2012-07-03 01:50:28 PM
AngryJailhouseFistfark: Slayinit: [www.worldcompass.org image 300x321]

Someone, somewhere, would consider pleasuring this creature. Which one of you farkers is man enough?

Abso-goddamn-lutely. I'd perform oral ministrations on her secret magic flower until she howled like a dog with a fleet of firetrucks driving by. All of her man-hate would dissolve in a chain of foaming, gushing orgasms until she begged me to take her like a marauding pirate. Only then would she present herself en la mode des chiens whereupon I would mount her and plunge my beefy thumb into her quivering anus, stroking her broad backside with my free hand, and plumbing her womanly depths with my manhood.

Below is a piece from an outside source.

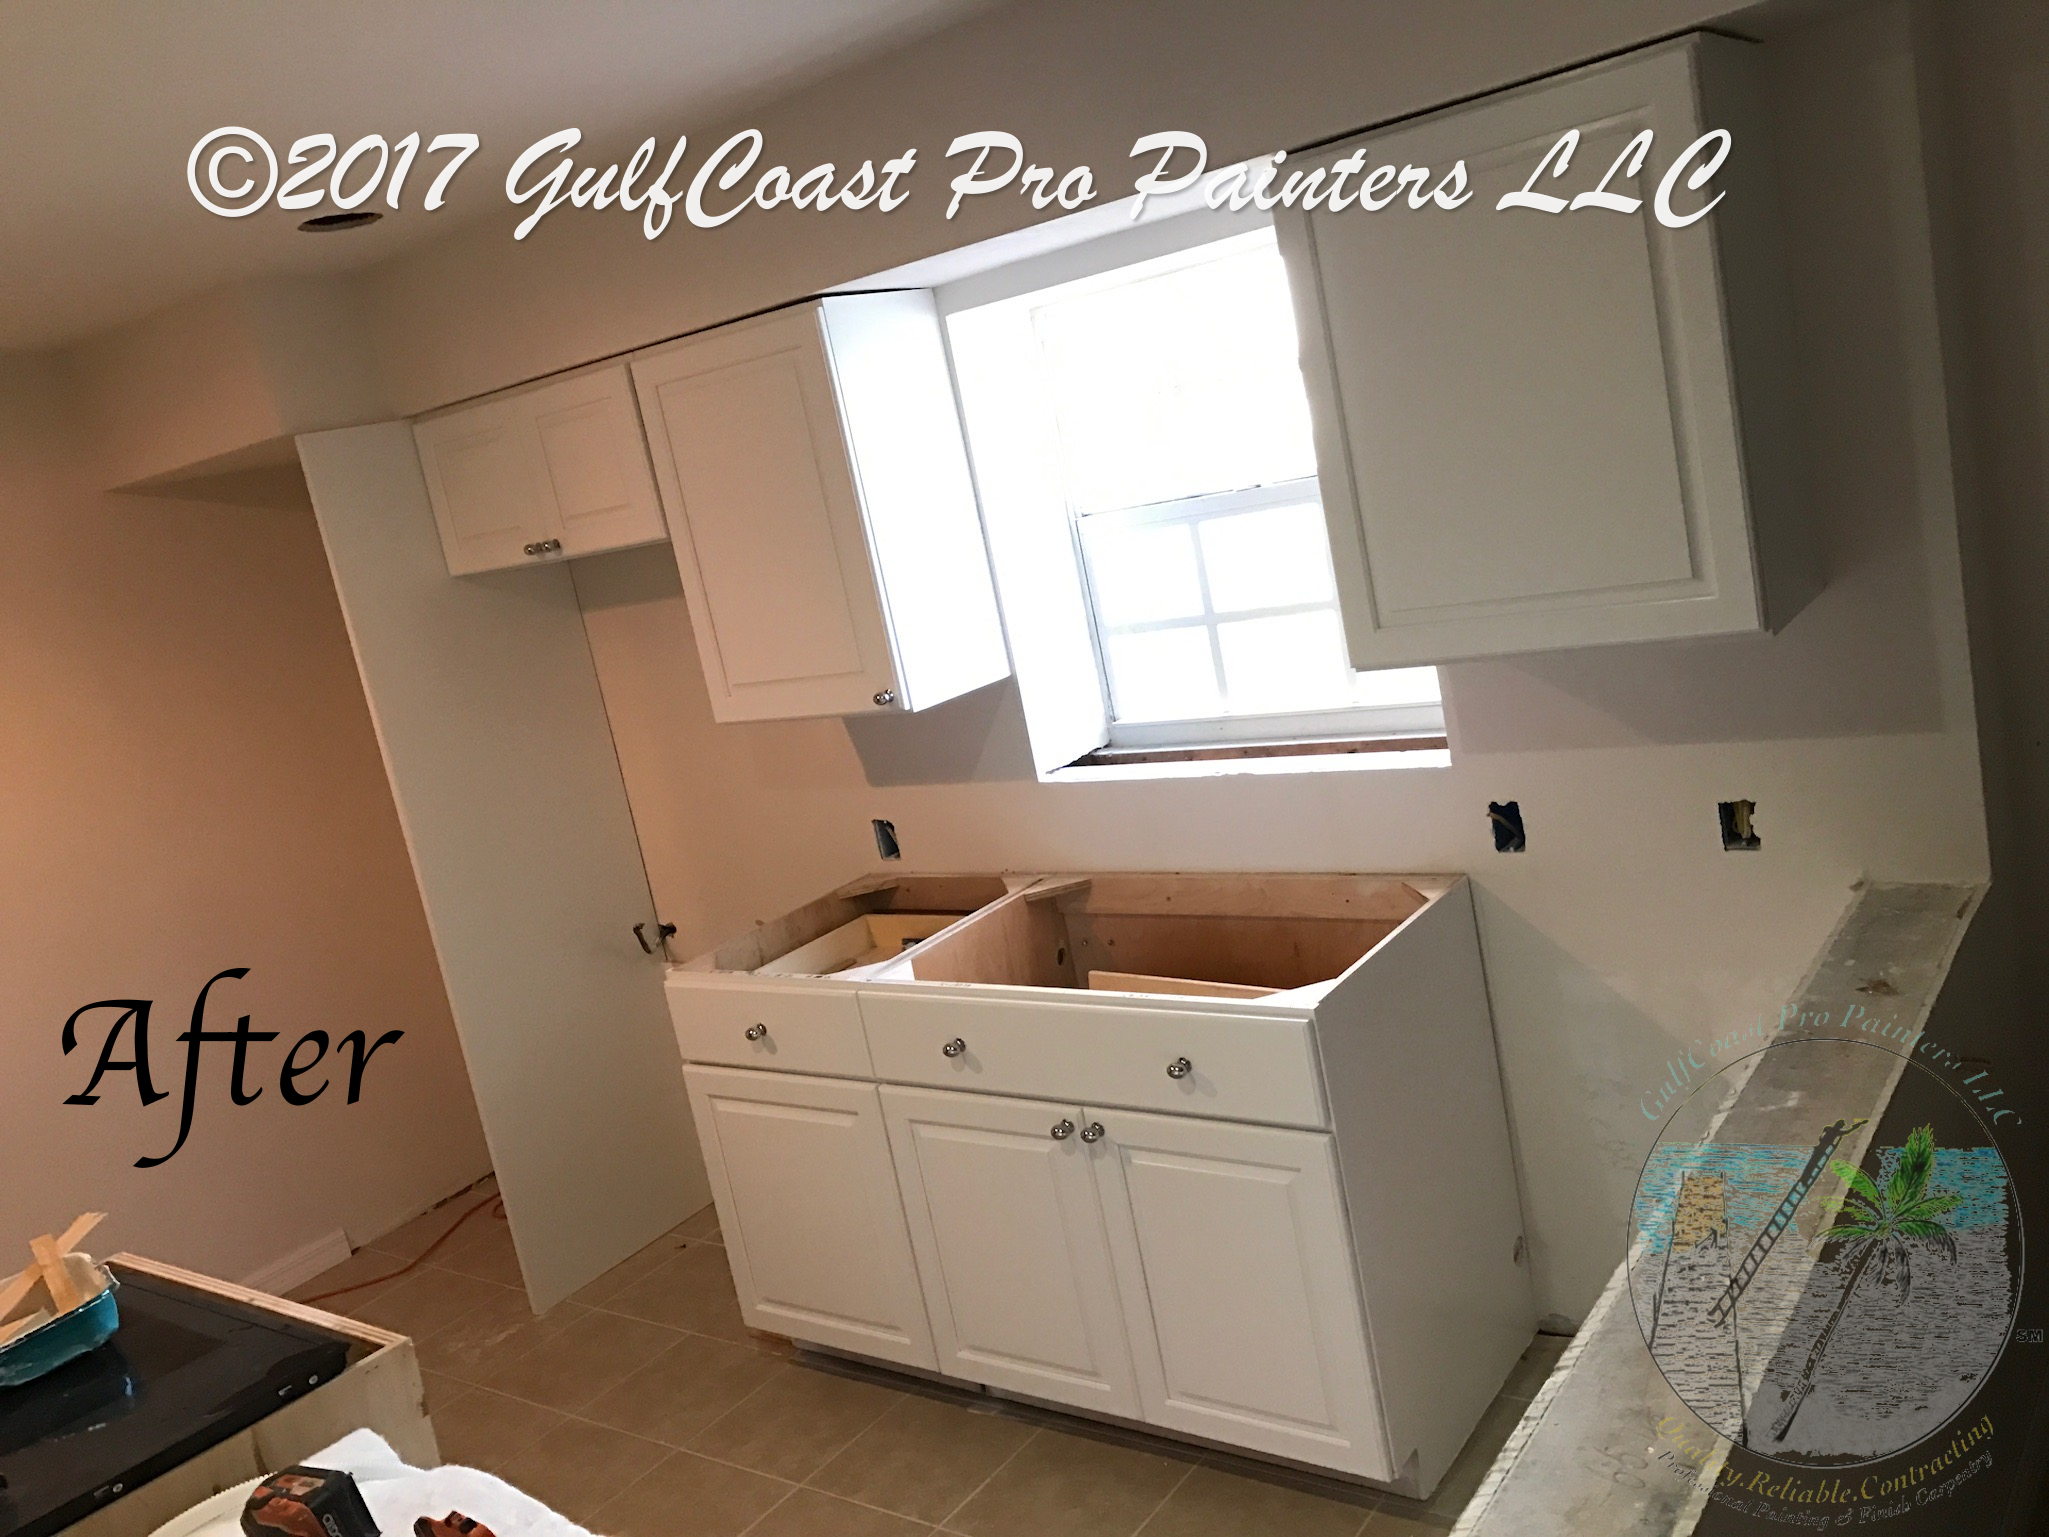 White Kitchen Cabinet Refinishing March 2017 Watermarked1 (1).jpg
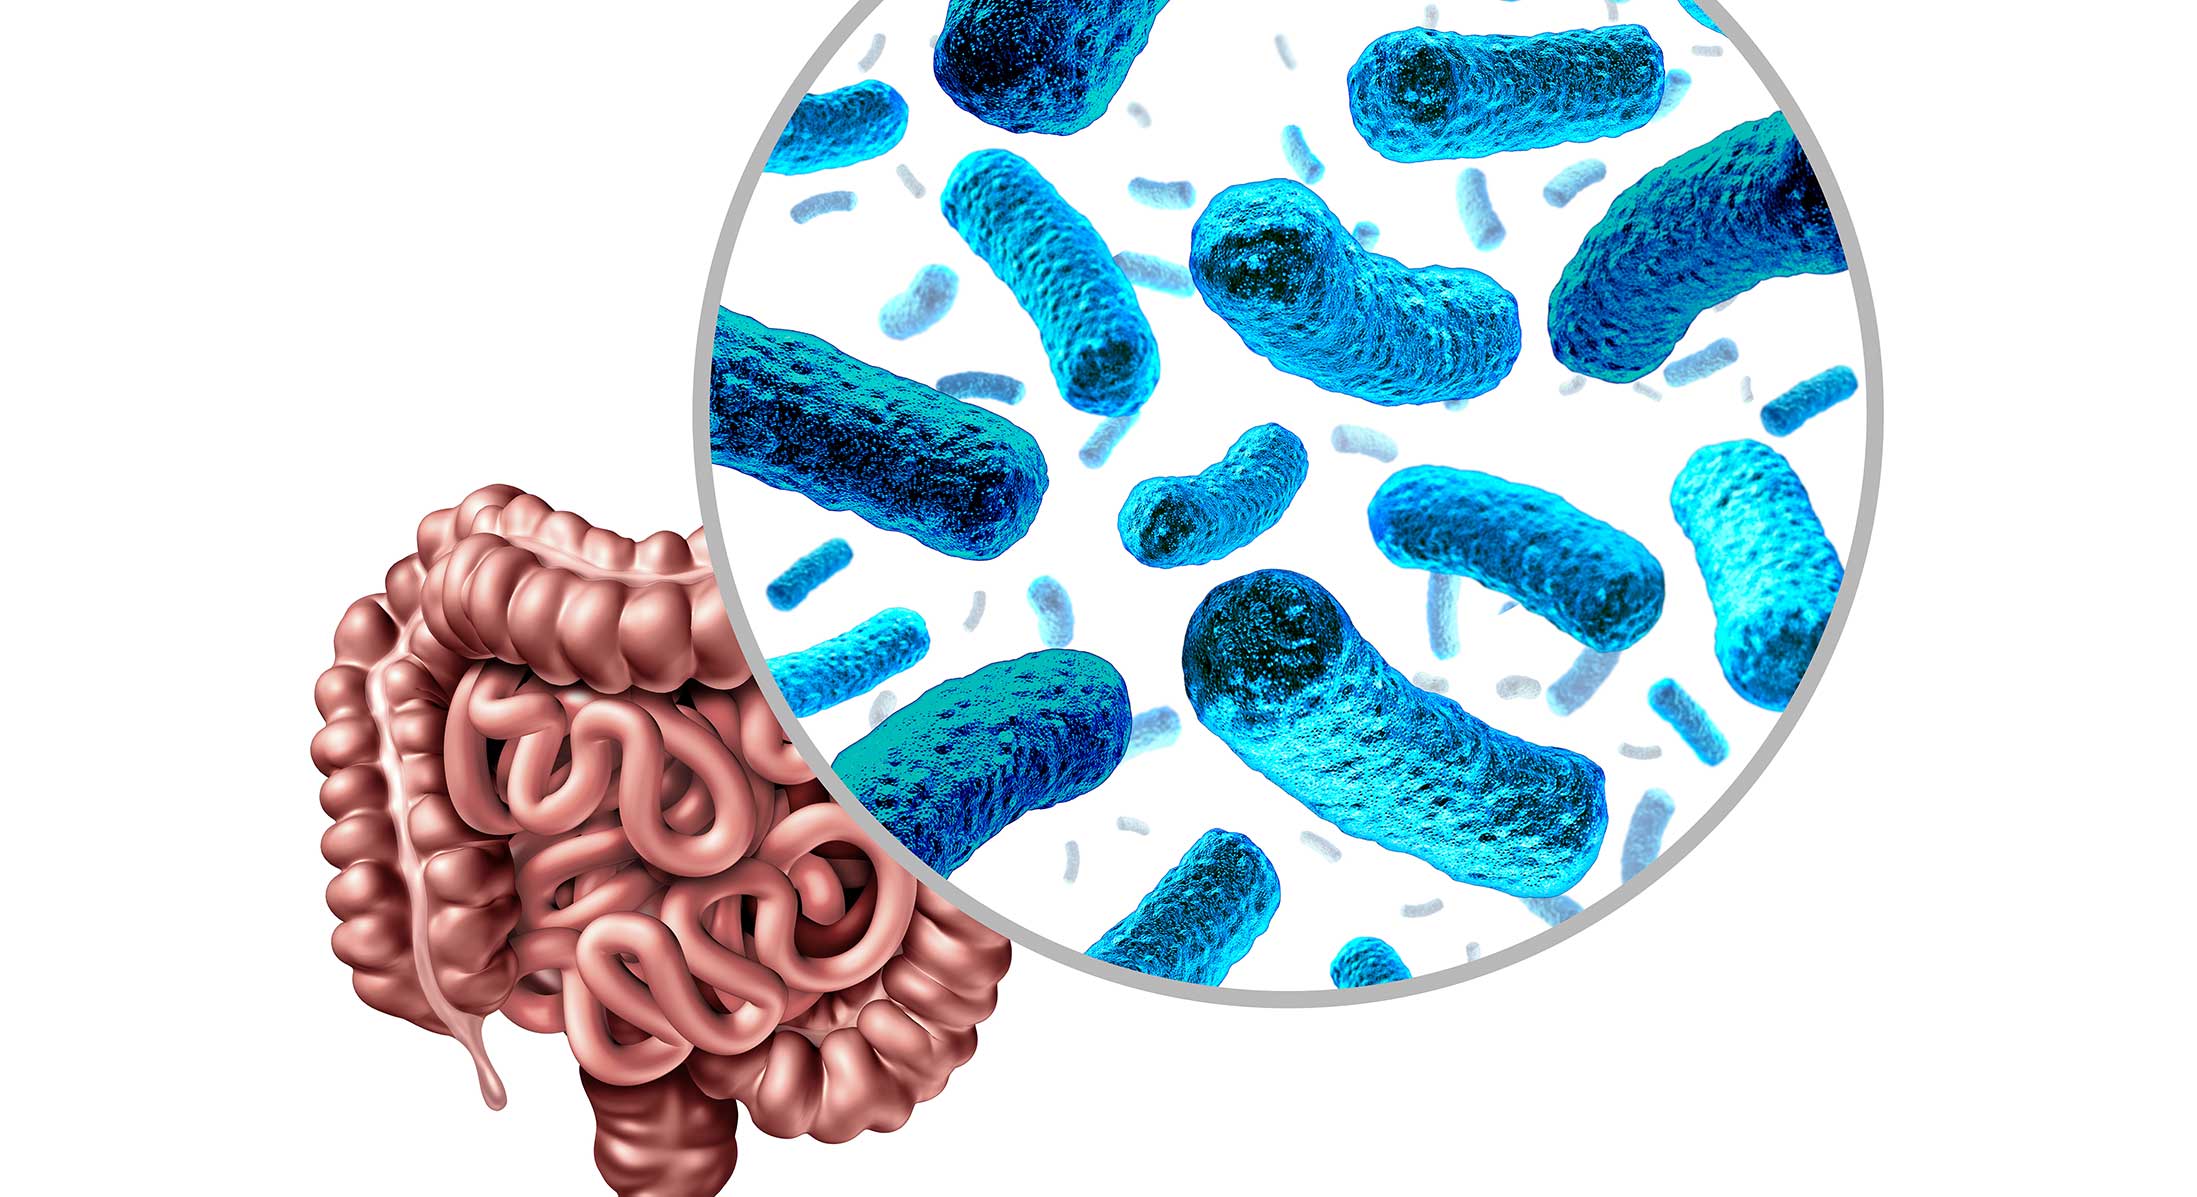 Microbiotica intestinal

Thus, her perspectives would be forever changed for the better.


greatseaurchinceviche.files.wordpress.com

Bravo.
 
2012-07-03 01:51:26 PM
Slayinit: [www.worldcompass.org image 300x321]

Someone, somewhere, would consider pleasuring this creature. Which one of you farkers is man enough?


I can drink that pretty. No guarantees my dick would still work.
 
2012-07-03 01:51:44 PM
Phinn: Agent Smiths Laugh: This entire thread is evidence for my assertion that catering to the female mindset just isn't worth all the complications.

I have never entered into a relationship with a woman thinking, "Gee, what I want out of life is to be tested and measured for the rest of my life."

Once you understand that's what's women are actually doing and saying, it becomes a lot less frustrating and confusing.

Then, it starts to become easier to not only pass the tests, but to reduce their frequency. (Although, they can never be eliminated entirely.)

If you do pass them regularly, then you'll find that the good parts of the relationship will flow a lot more freely, like the part where they smell good, and make an effort to please you, and throw their vaginas at you.


No.

Do not play the game.

We can hang out and have fun and do fun things, or you can sit at home learning more about relationships from the Kardashians and I'll do my own fun things without you.

If a relationship is bullshiat instead of fun, I'm out. Life's too short, and there are a zillion women out there.
 
2012-07-03 01:52:31 PM
Egoy3k: Does she refer to them by their first names as well? My wife does this all the time.

My ex-wife does this all the time. This is one of many reasons she's my ex-wife.